The valve 14, hydraulic actuator 16 and hydrostatic equalisation device 18 may be formed integrally on a single tool body or may be constructed separately and joined together by box and pin sections as is known in the art. Two parts may also be integrally formed and joined to the third part.
In use, the assembly 10 is mounted on a pipe string 12 with the sleeve 22 covering the radial port 28. The pipe string 12 is run in the well and fluid can fill the throughbore 40. With the assembly 10 at the desired position fluid is pumped down the throughbore 40. The drop ball 38 is released into the pipe string 12 and is sized to pass through the hydrostatic equalisation device 18 and hydraulic actuator 16. The ball 38 passes through the actuator 16 and is stopped at the ball valve seat 36, seals the throughbore 40 and blocks the passage of fluid through the pipe string 12 at the valve 14. By continuing to pump fluid from surface, the fluid pressure will increase above the ball 38 and consequently fluid entering the access port 32 on the hydraulic actuator 16 will have an increased pressure. The fluid will fill the chamber 17 on the first side 19 of the piston 15 and the fluid pressure will move the piston through the chamber 17 by acting on the first side 19 and operate the actuator 16. In this embodiment the inner mandrel 34 will move relative to the upper pipe string 12. As the ball valve seat 36 is fixed, the ball 38 will remain in the seat 36 and a maximum pressure can be applied to operate the actuator 16. As we are in a low level well 13, fluid pressure on the second side 21 of the piston 15 is much lower than the pumped fluid pressure and the piston 15 will move easily.

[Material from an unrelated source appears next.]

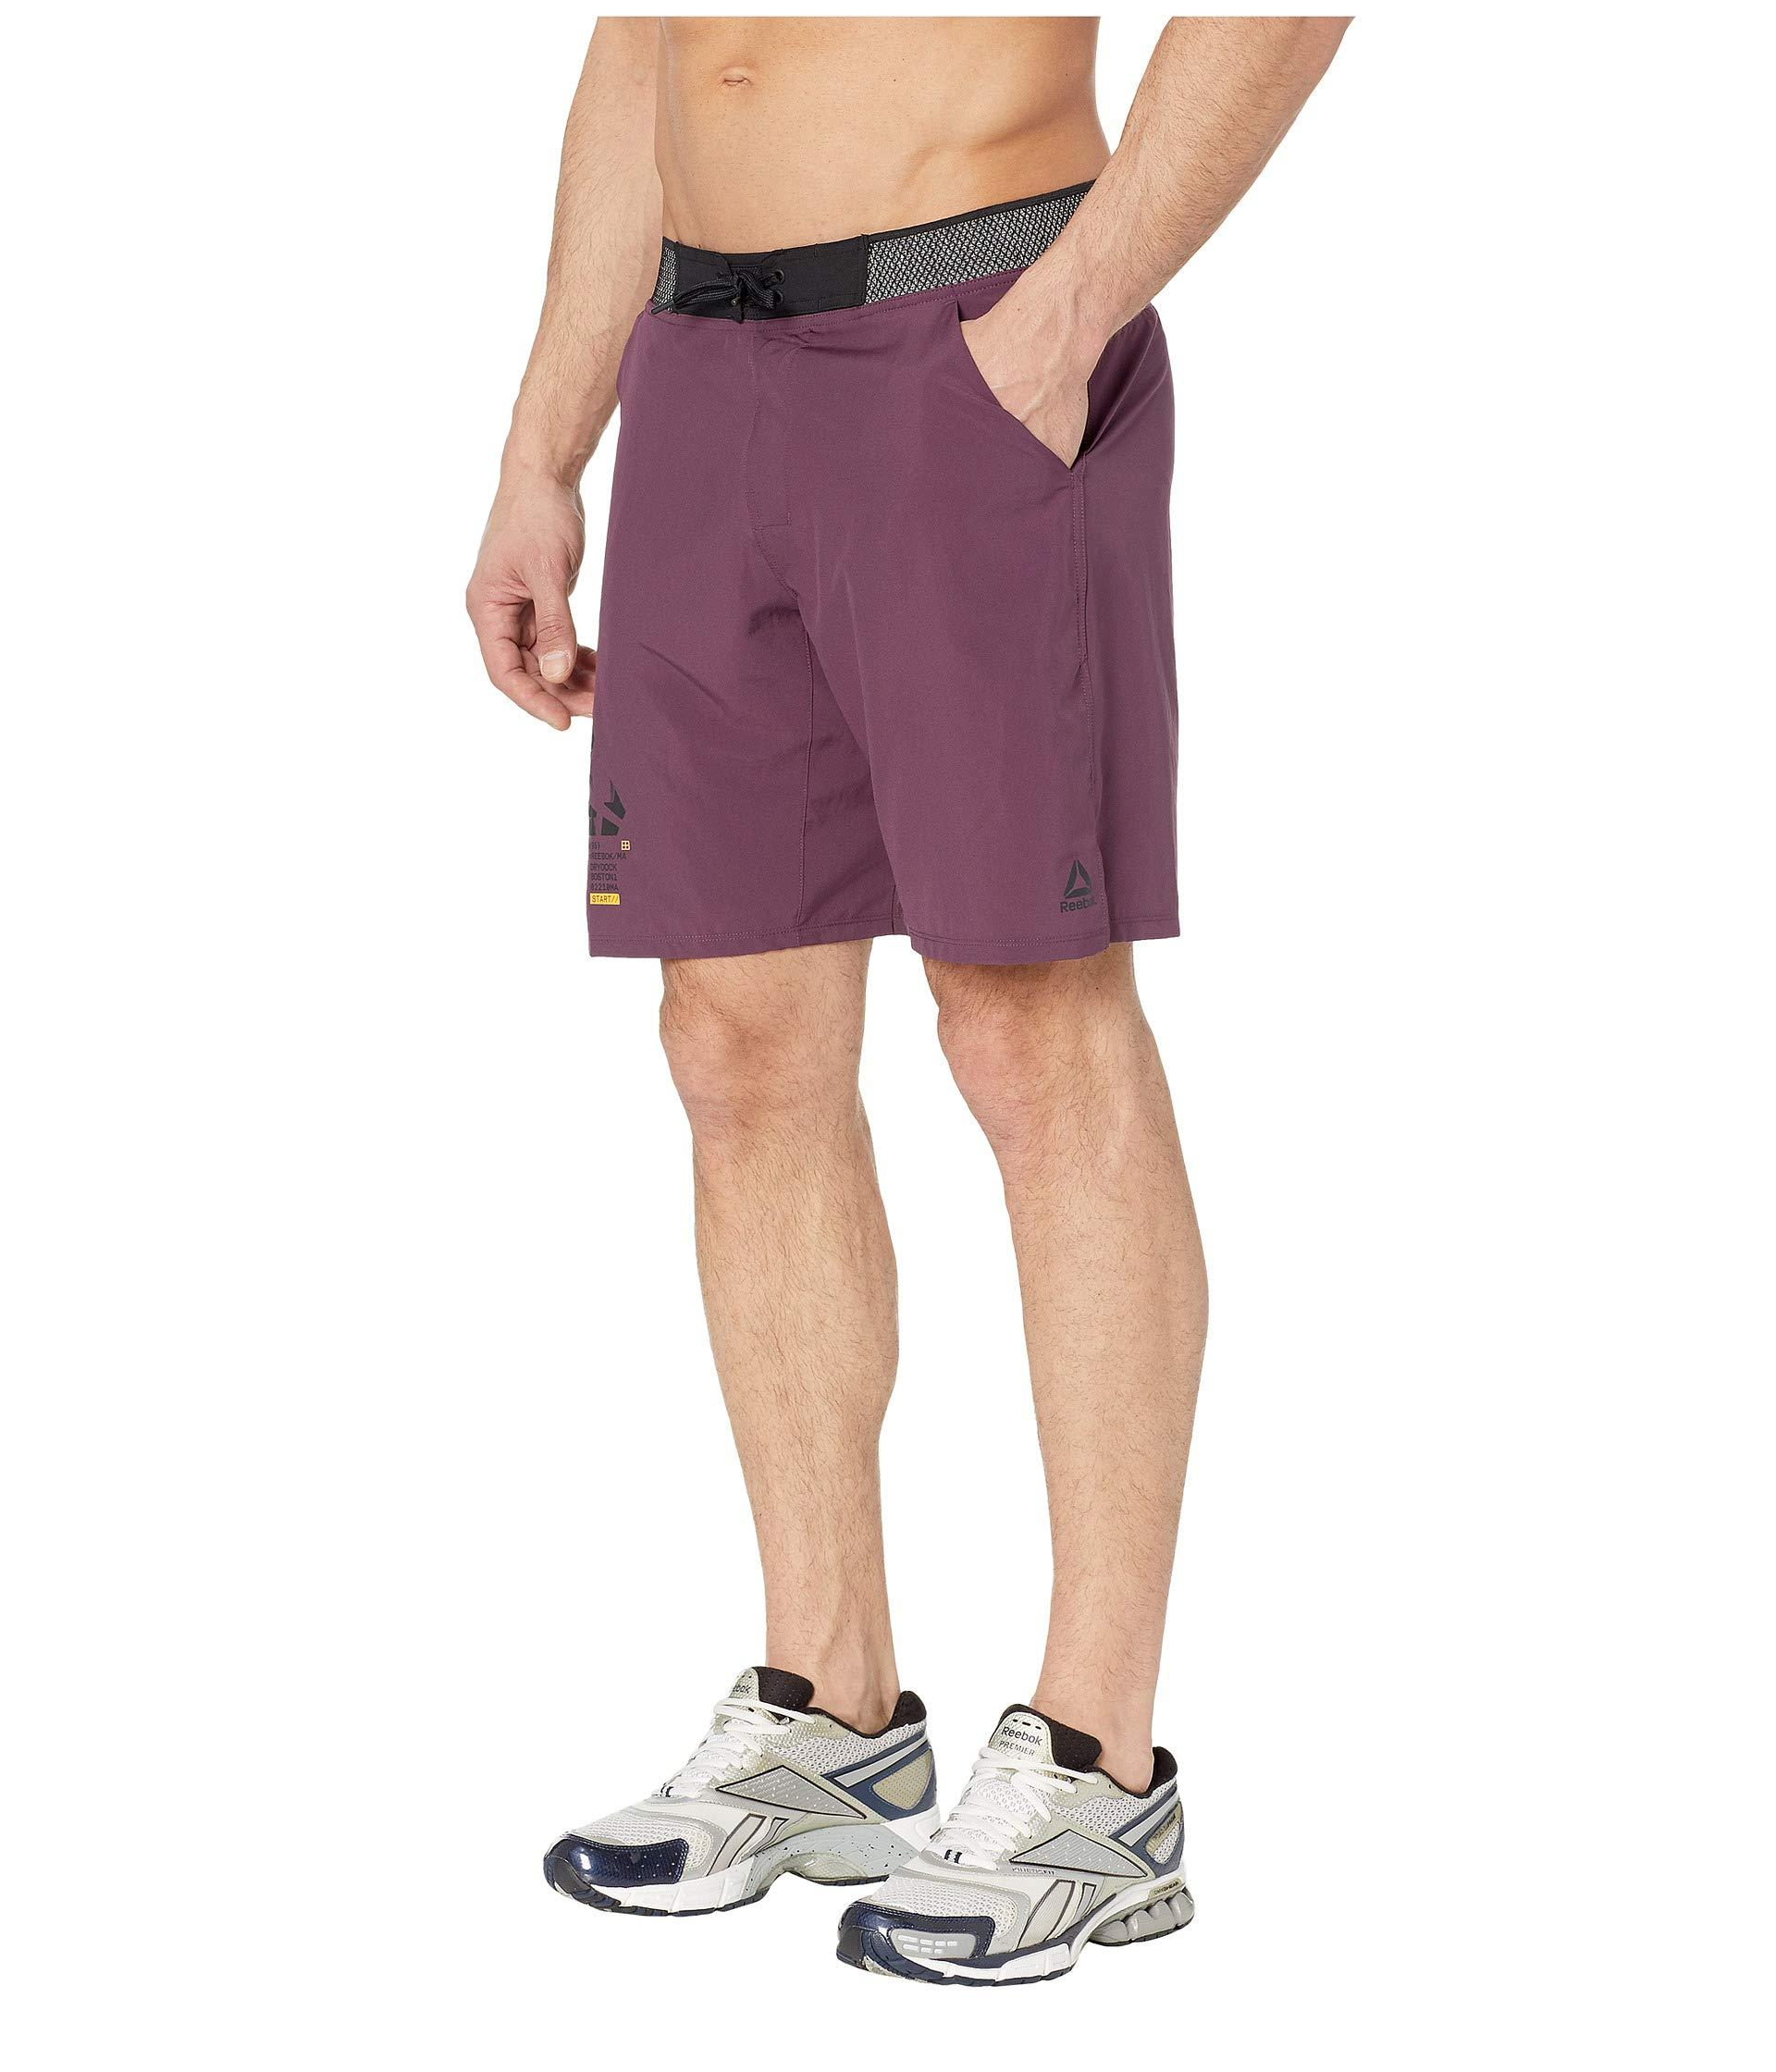 6c441395510a Lyst - Reebok Epic Lightweight Shorts in Purple for Men

When we wish to reset the actuator 16, in this case to move the pipe string 12 upwards relative to the inner mandrel 34, we stop pumping fluid down the throughbore 40. However, as we are in a low level well 13, pulling on the pipe string 12 from surface will have no effect. This is because the weight of the column of fluid in the pipe string 12 supported on the ball 38, provides a greater force on the first side 19 of the piston 15 than the pressure of fluid on the second side 21 of the piston 15 which will be the fluid pressure in the annulus 30. This hydrostatic imbalance prevents the hydraulic actuator 16 being released. In the present invention, the hydrostatic equalisation device 18 is used to achieve this.
On run-in and activation of the actuator the hydrostatic equalisation device 18 can be considered to have been in a first configuration wherein the bias in spring 24, held the sleeve 22 in a position in which the radial ports 26, 28 are misaligned. The radial port 28 is closed and fluid flow is entirely in the throughbore 40 past the device 18. When required, the hydrostatic equalisation device 18 is switched to a second configuration by creating relative movement between the sleeve 22 and inner tubular member 20. Dependent on the design of the device 18, this can be done by setting down weight on the pipe string 12 i.e. slacking it off, pulling on the pipe string 12 i.e. applying tension and/or by rotation of the pipe string 12, which will rotate the inner tubular member 20. Such movement aligns the radial ports 26,28 and opens the fluid passageway between the pipe string 12 and the annulus 30. It is noted that longitudinal movement is preferred over rotational as it can be more reliably performed in a well.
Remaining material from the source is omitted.